In May 2017, Youtube was broadcasting an epic game between the AI AlphaGo and the human player Ke Jie.
AlphaGo is an AI trained by playing solely against itself, i.e. against an AI, starting with zero data inputs and learning exclusively through self-play.
We can think of AlphaGo as made of 3 components:
. policy iteration
. Monte Carlo tree search (MCTS)
. policy evaluation
// Starting from scratch:
// setting the initial position S -----------------------------------------------------
| ................................................. |
| ................................................. |
| ................................................. |
| ................................................. |
| ................................................. |
| ................................................. |
| ................................................. |
| ................................................. |
| ................................................. |
| ....... S ....................................... |
| ................................................. |
| ................................................. |
| ................................................. |
| ................................................. |
| ................................................. |
| ................................................. |
-----------------------------------------------------
Policy, or the game scheme
Given a blank board to operate on, AlphaGo picks a root position s on it and starts working through policy iteration and evaluation — policies can be seen as possible trajectories, or game schemes.
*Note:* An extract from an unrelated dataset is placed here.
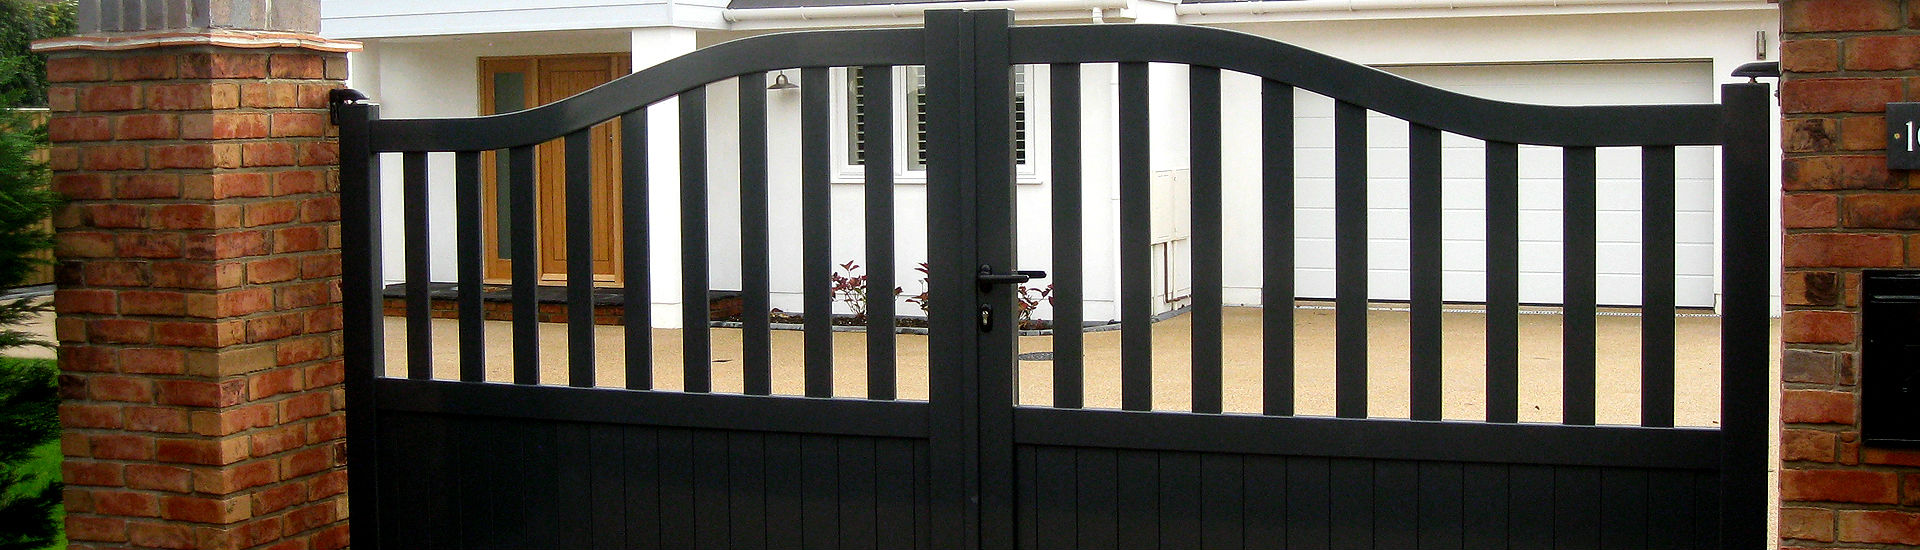 Aluminium Gates from Linkcare

Each node of AlphaGo neural network performs a MCTS to determine the best move probability. Once a stone is placed, MCTS computes its winning probability score based on the stone’s position and game policy, and on the basis of that score, it evaluates and improves the policy itself.
Monte Carlo tree search
Monte Carlo tree search is widely used in video games implementation and is the very core of AlphaGo neural network.
It is a heuristic algorithm, i.e. uses a general approach to solve a task, it’s fast (=always finishes in a bounded time) but not optimal (=does not always find the best solution).
In decision tree systems, computers can potentially calculate every single state and every single output of the game, and then place a move. In games like tic-tac-toe, every state has 9 potential outcomes, and all case scenarios can be rapidly computed. But Go has 300 possible outcomes per state.
MCTS does not take into account every single output, but picks a move, simulates its results, grows as “tree” and gives an input back. The more it grows as tree, the more it learns how to play.
MCTS develops in 4 phases: SELECTION (of a branch) > EXPANSION (of a new leaf) > SIMLUATION (of a playout) > BACKPROPAGATION (of the result).
// SELECTION // EXPANSION Node0 Node0
| | | | | |
| | | | | |
state1 state2 state3 state1 state2 state3
|
|
↓
new possible move
// SIMULATION // BACK-PROPAGATION
Node0 --- ► Node0
| | | | | | |
| | | | | | |
state1 state2 state3 state1 state2 state3
| | |
| ▲ |
↓ | ↓
new possible move new possible move
| | |
| ▲ |
↓ | ↓
game simulation game simulation
and back-propagation of the
results back to the node
Now, how does MCTS choose its move? Through UCT ( upper confidence bound for trees). UCT is based on the multiarmed bandit problem (or, how-to-find-the-most-rewarding-slot-machine problem).
UCT formula goes as:
Vi + C * √(ln N)/ni
where,
. Vi is the child node win ratio
. C is a constant value
. ln is natural logarithm
. N is the number of visits to the parent node
. n is the number of visits to child note
. i is the child node
Vi is the estimated value of the node, ni is the number of the times the node has been visited and N is the total number of times its parent has been visited. C is a tunable bias parameter.